I bought an ASWF18 from Axminster a few months ago.
Only had it 6 months and in that 6 months it went back to them twice. Fisrt time PCB in speed cotrol and second time they did not tell me cause. Full refund.
I then bought a Hegner Multicut 2s variable speed.
I do quite a lot of Steve Good's patterns.
He quotes 1/8" or 1/4" Baltic Birch.
Do any of you UK scrollers in UK know of a 2nd Mortgage free supplier?
I use Wickes plywood and it is absolute Carp! I use the cheapest masking tape I can find. My reasoning being that, so cheap it will not "overstick" and pull the laminations apart when removing pattern. The Wickes plywood does! It is from PRC [China]
I use reverse tooth blades but the lamination just splits off on both the top and bottom cuts. YES I am using new blades. 
Just done 2 Deer pattern in 1/4 inch [6.5mm] and it is an absolute mess.
I mix my own shellac! Do you think a coat of shellac top and bottom would help the laminations stay together?
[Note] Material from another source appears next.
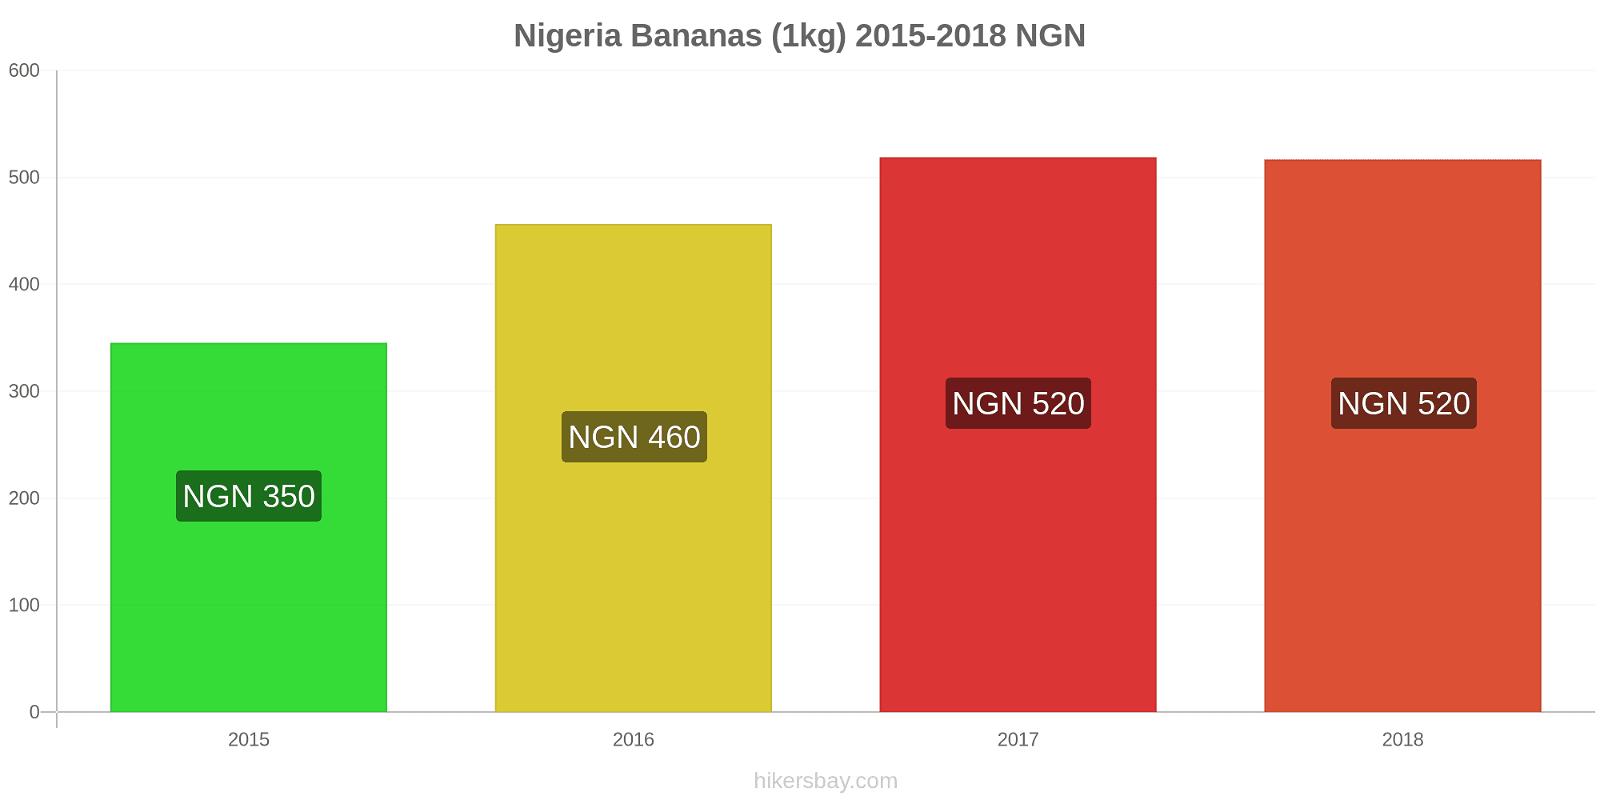 Nigeria price changes Bananas (1kg) hikersbay.com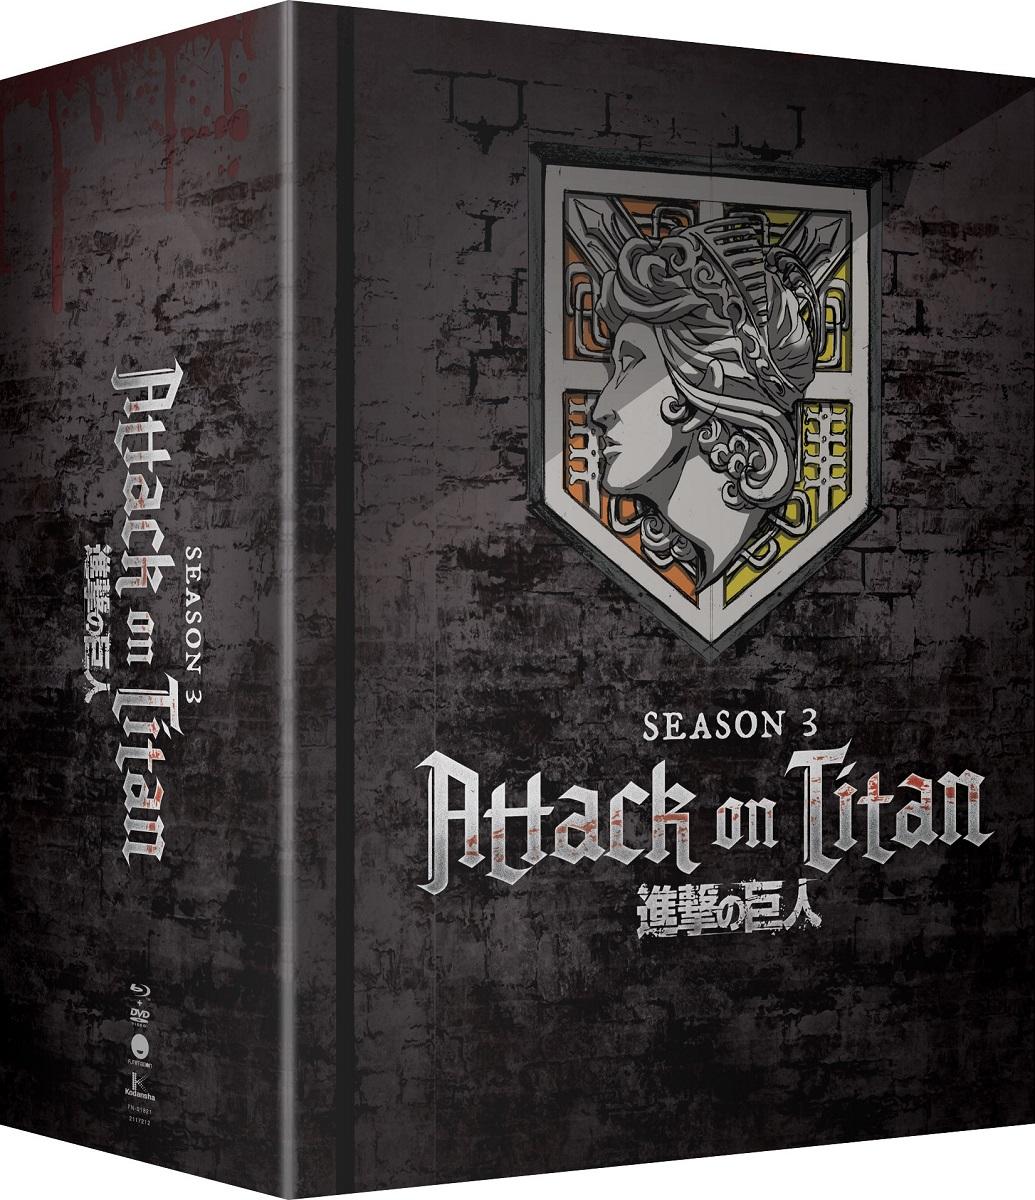 Attack on Titan Season 3 Part 1 Limited Edition Blu-ray/DVD

If so what sort of finish over shellac?
IMHO we really are the poor relations in UK.
Blue painters tape in UK double the price of USA.
Baltic Birch need to take out a loan for it.
Brand new Axminster Scrollsaw returned.
Are you getting the message that I am well and truely in a bad place at the moment???????
Can anyone help please?
Barry.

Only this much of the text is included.